## Information supplied
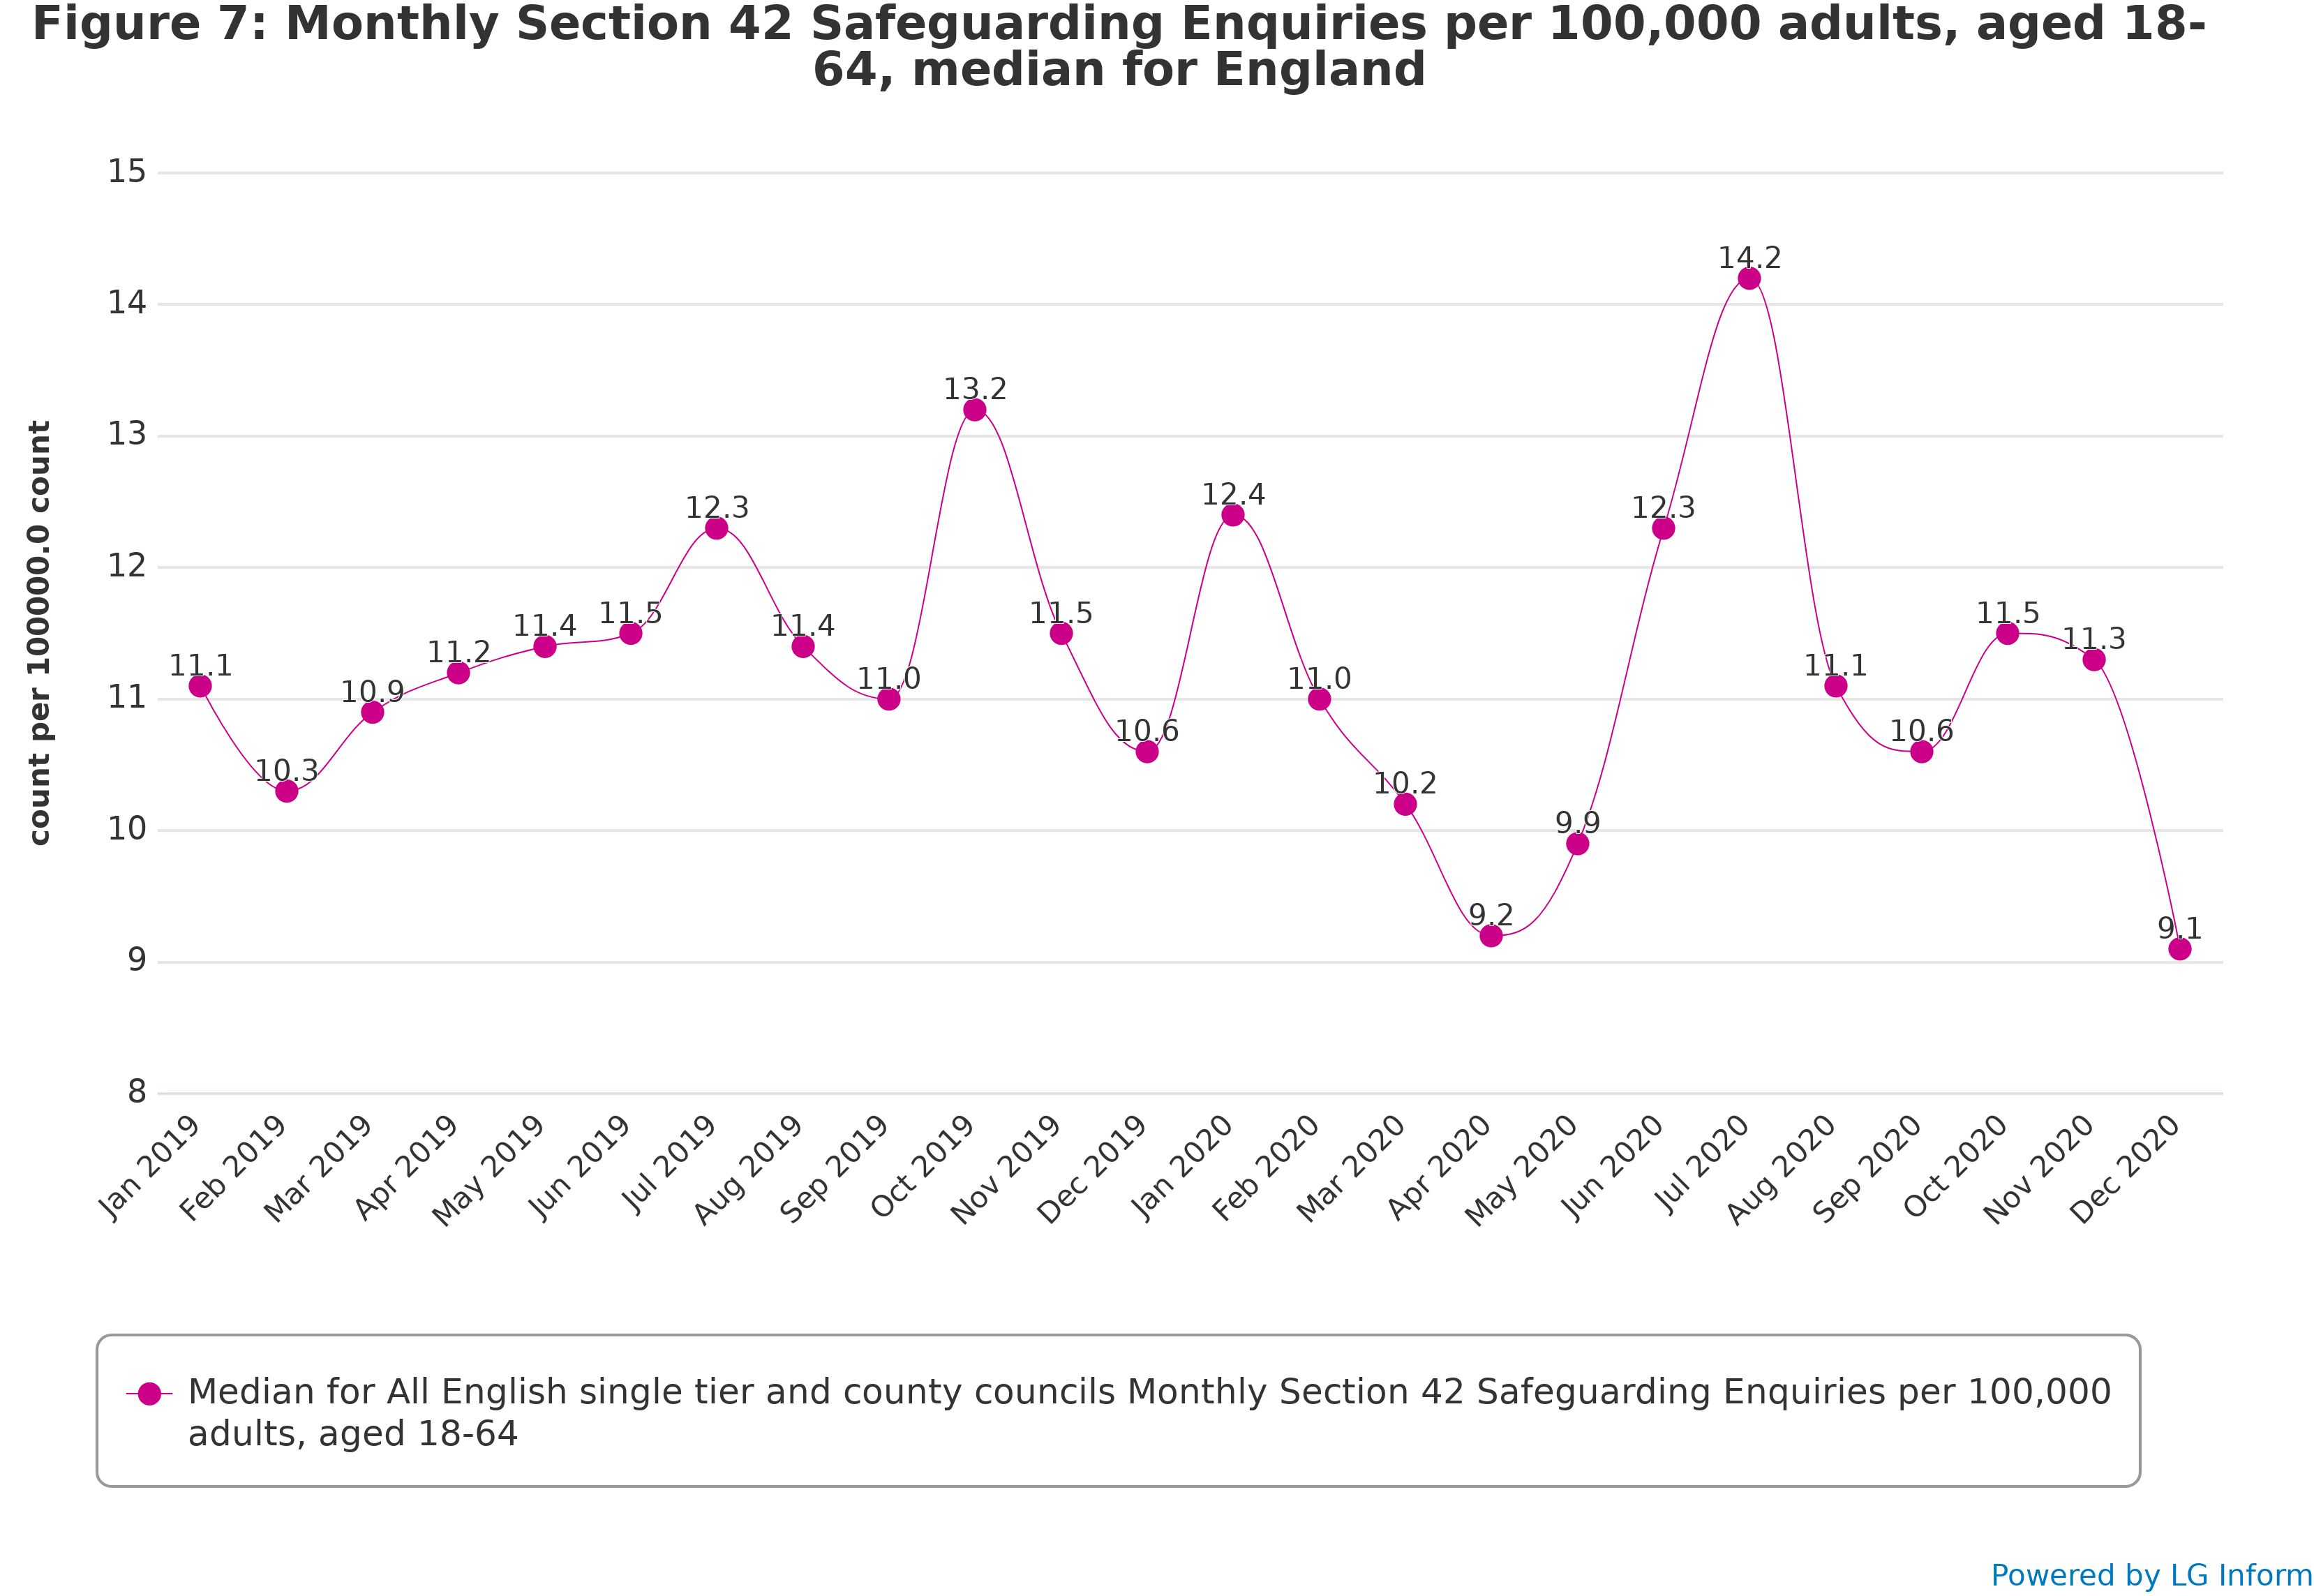 Figure 7: Monthly Section 42 Safeguarding Enquiries per 100,000 adults, aged 18-64, median for England
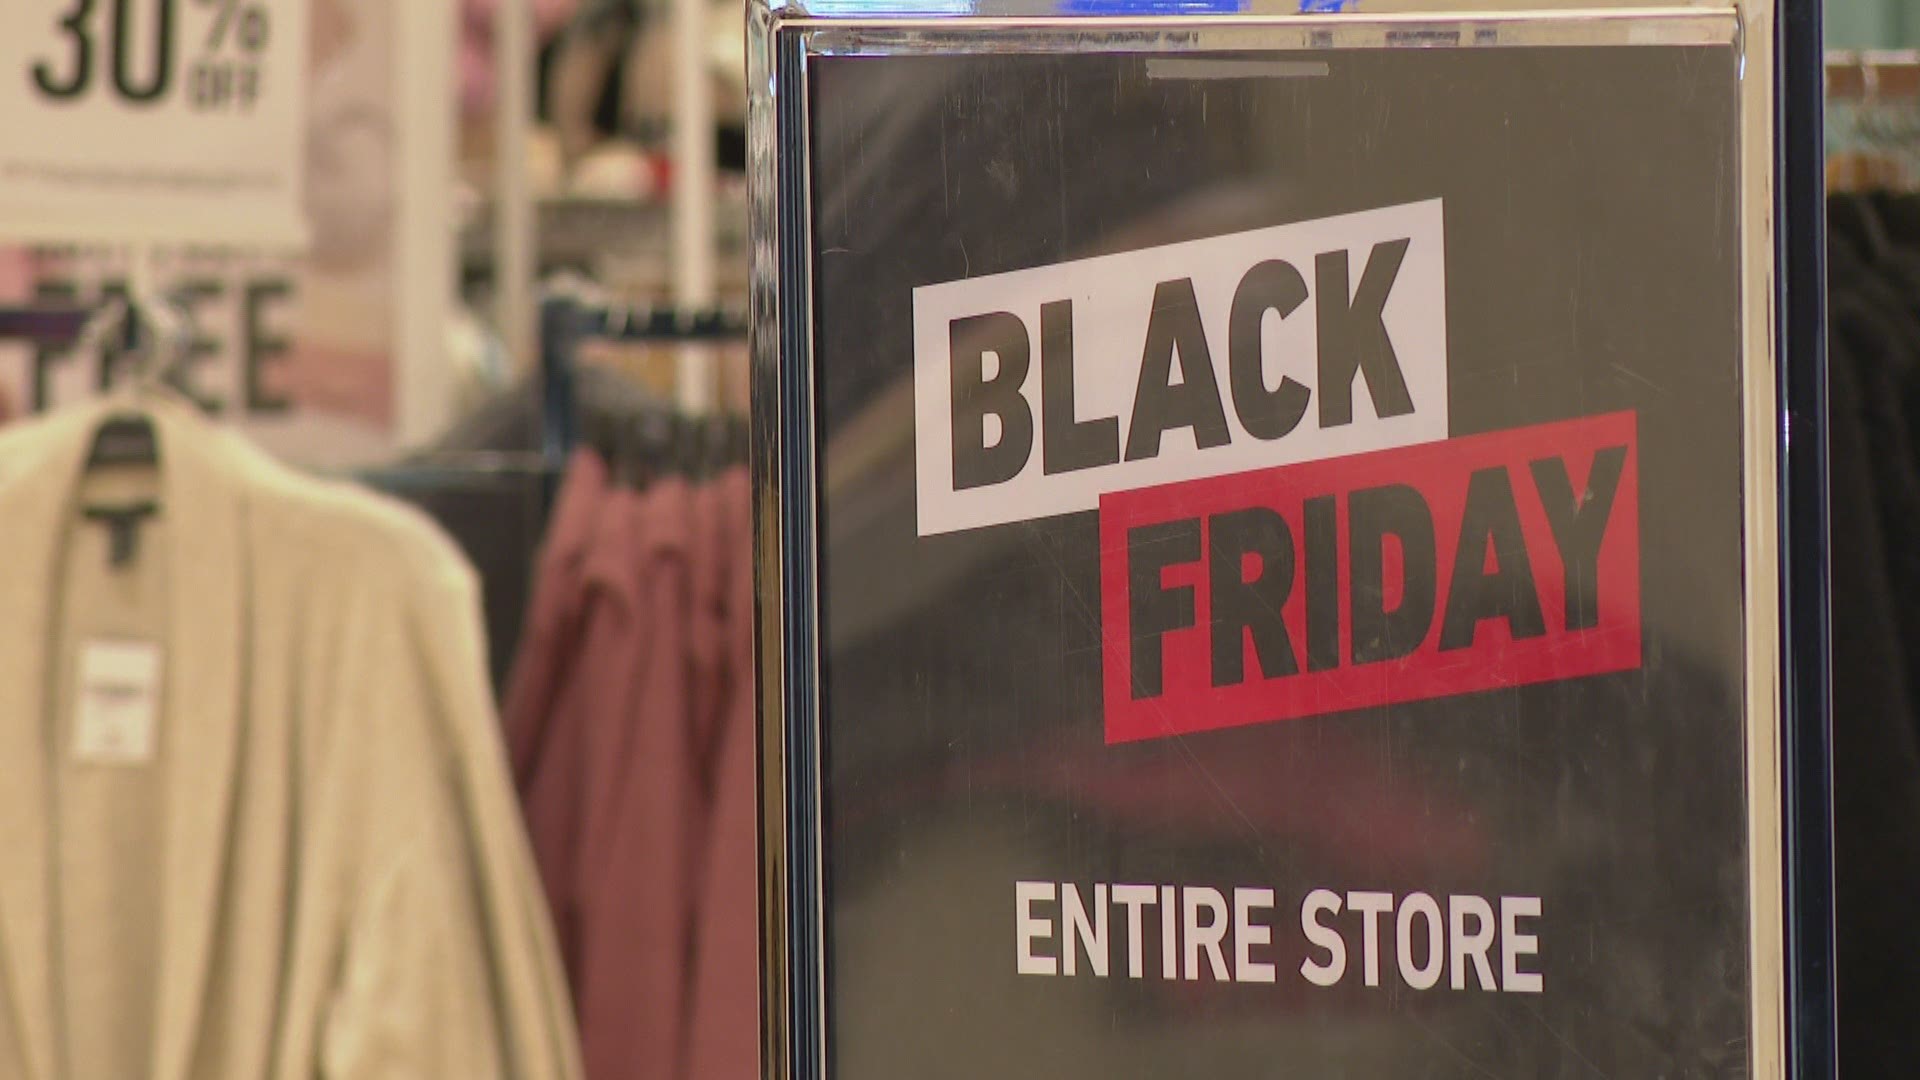 Black Friday will look different this year because of the pandemic: capacity limits, enhanced cleaning, and limited hours.
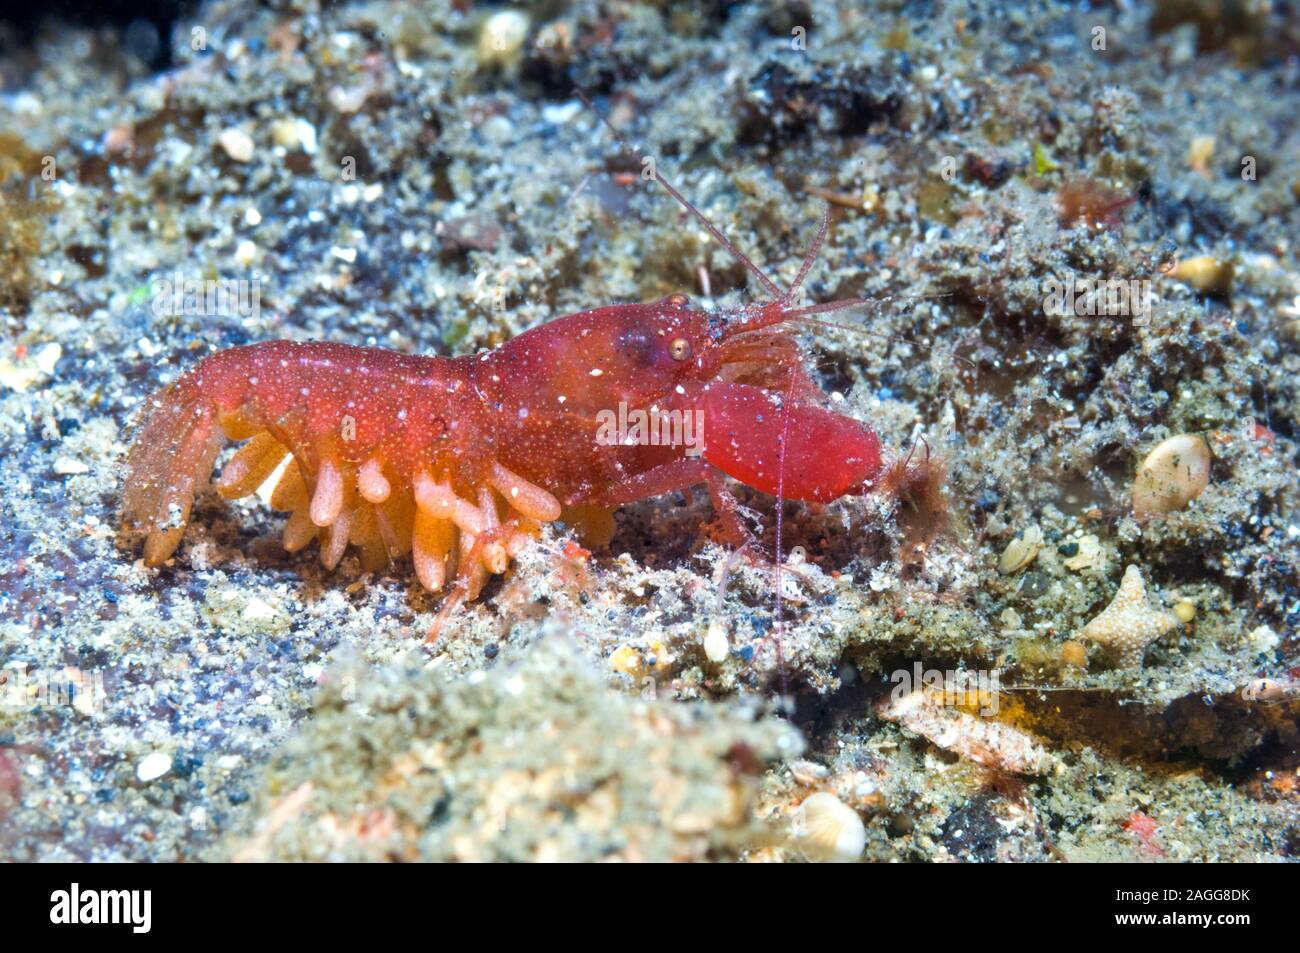 Snapping shrimp with sausage like appendages with ?eggs.  Lembeh Strait, Indonesia.  Indo-West Pacific. Stock Photo

## Task description
What this calls for is the material above set down exactly, pictures excluded.

## Written response
 Figure 7: Monthly Section 42 Safeguarding Enquiries per 100,000 adults, aged 18-64, median for England
 Black Friday will look different this year because of the pandemic: capacity limits, enhanced cleaning, and limited hours.
 Snapping shrimp with sausage like appendages with ?eggs.  Lembeh Strait, Indonesia.  Indo-West Pacific. Stock Photo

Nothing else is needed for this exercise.